Texas law to punish alleged censorship on social media is pending an appeal to the US Supreme Court. But Texas secessionists are trying to use the law in a class-action lawsuit against Facebook’s parent company.
The Texas Nationalist Movement and its president, Daniel Miller, are seeking an injunction against Meta Platforms under House Bill 20, saying Meta’s ban on posts including a link to its website is illegal censorship.
“Plaintiffs suffer immediate and irreparable harm every day that Meta continues to censor Plaintiffs,” the plaintiffs’ petition said. “And as the United States Supreme Court and the Fifth Circuit have both held,”[t]The loss of First Amendment freedoms, even for minimal periods of time, arguably constitutes irreparable harm.”
The problem for the plaintiffs is that US 5Th The Circuit Court of Appeals has stayed enforcement of HB 20 pending an appeal to the US Supreme Court by two trade groups representing major social media platforms – NetChoice and the Computer & Communications Industry Association (CCIA). The two entities are suing Texas to overturn HB 20, arguing that the law violates the platforms’ First Amendment right to moderate their own content.
The Texas Nationalist Movement and Miller “are trying to enforce a law that has stalled. The 5Th The circuit stayed the issuance of its mandate, so the law is not in effect right now, said Tom Leatherbury, director of the First Amendment Clinic at Southern Methodist University’s Dedman School of Law.
HB 20 prohibits social media platforms with more than 50 million users from removing an account holder for what it calls “vision discrimination.” Under the law, a banned user can sue a social media platform for reinstatement. If that person cannot find a private attorney, the Texas Attorney General can file a lawsuit on that person’s behalf.
Texas lawmakers passed HB 20 last year after the accounts of several high-profile conservatives, most notably former President Donald Trump, were removed from Twitter and Facebook for what the platforms deemed violations of their terms of service. They argued that social media platforms are the equivalent of common carriers such as telephone service and cable service providers. As such, they are subject to regulation.

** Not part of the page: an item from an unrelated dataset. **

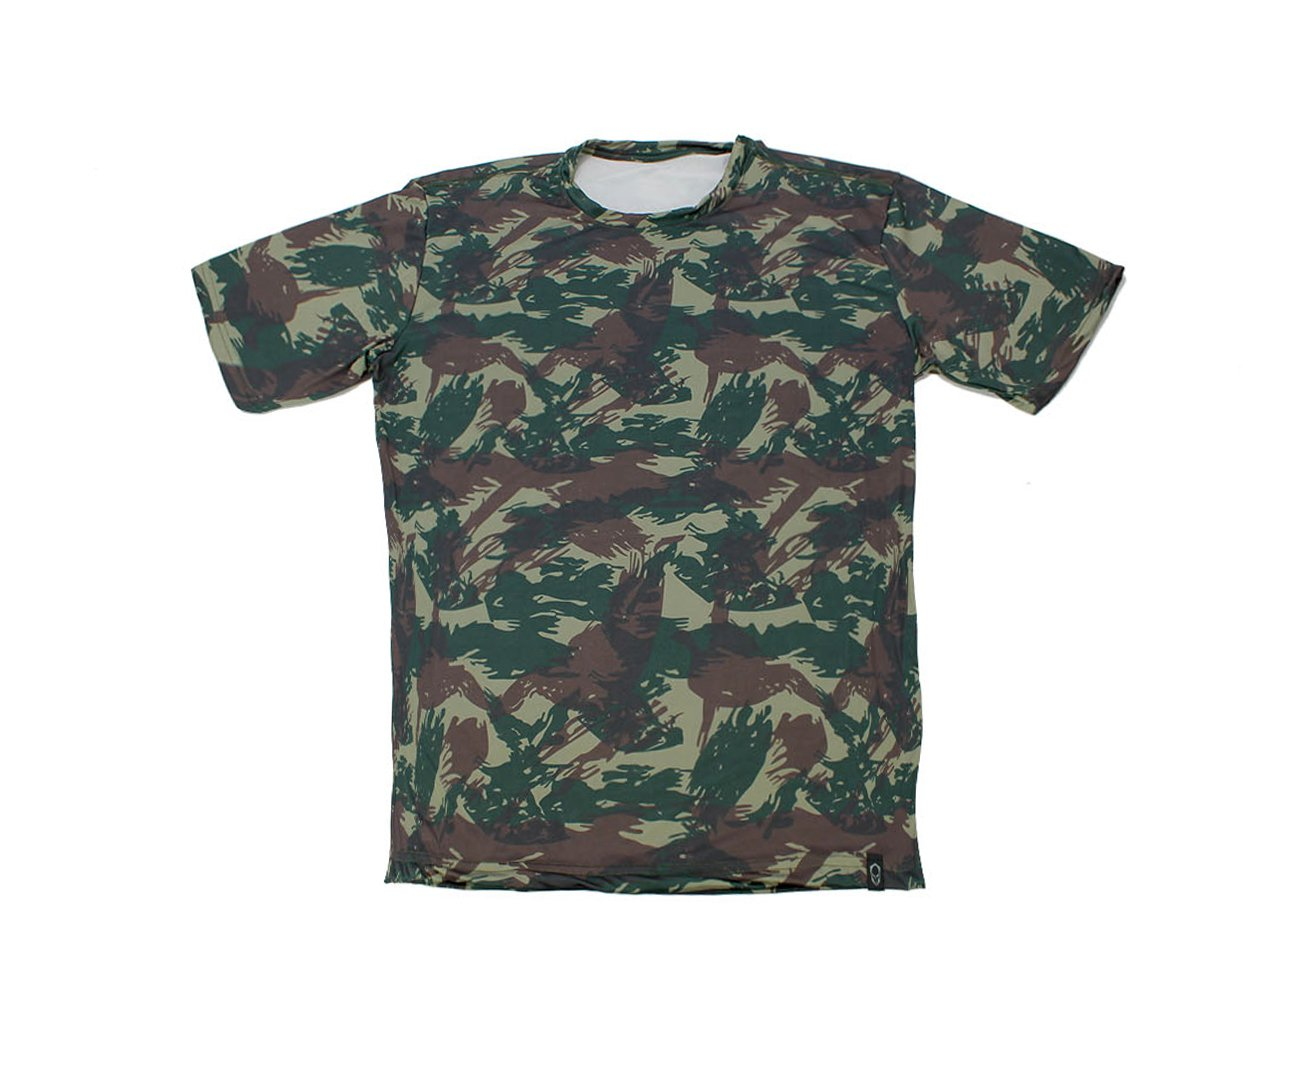 Camiseta Bravo Dry Camuflada Selva 2-cmf Eb

From Leatherbury’s perspective, the Texas Nationalist Movement’s lawsuit proves “only that HB 20 will make the Internet virtually ungovernable, because platforms like Meta will not be able to enforce their terms of service. They will not be able to moderate content with impunity as they can now under Section 230 (in Communications Decency Act).”
Leatherbury disagrees with the verdict of the 5Th Circuit. He agrees with a contrary decision of the 11thTh Circuit Court of Appeals, which struck down a similar social media censorship law passed by Florida. The fact that the two circuits issued conflicting rulings makes it likely that the issue will ultimately have to be resolved by the Supreme Court.
“About 5Th The circuit’s decision i NetChoice (v. Paxton) stands,” Leatherbury said, “I think this lawsuit (by the Texas Nationalist Movement) is just the tip of the iceberg in terms of the kind of lawsuits you’re going to see filed against the biggest platforms subject to the law. And I think that’s a real shame, and I think the First Amendment is worse for it.”
Chris Marchese, attorney for NetChoice, agrees. Marchese is one of the attorneys involved in the trade group’s lawsuit against Texas to try to strike down HB 20. He argues that it is the First Amendment rights of social media platforms themselves that are under attack.
“The real risk is that (HB 20) simply allows the worst people in our society to basically exercise a heckler’s veto over the platforms,” Marchese said. “When you disagree with one of their content moderation decisions, you can go to court, and even if you don’t win, you’re still forcing the platform to defend against your lawsuit, and so it’s a distraction. And it implements a real cost for content moderation, and ultimately it will have a negative effect on everyone else who uses the Internet for legitimate reasons.”
Marchese argued that HB 20 and the 5th Circuit’s decision to uphold it knock accepted definitions of free speech and censorship on their heads. Historically, censorship has referred to government restriction of speech.
“This idea that the government can force any private party to host somebody else’s speech, the implications of that are insane,” Marchese said. “Imagine if the government could force The Wall Street Journal to carry a comment from Senator Elizabeth Warren or about The New York Times was forced to carry a comment from Senator Tom Cotton. It boggles the mind to think that a federal court could construe the First Amendment as allowing the government to compel private individuals to do the bidding for others.”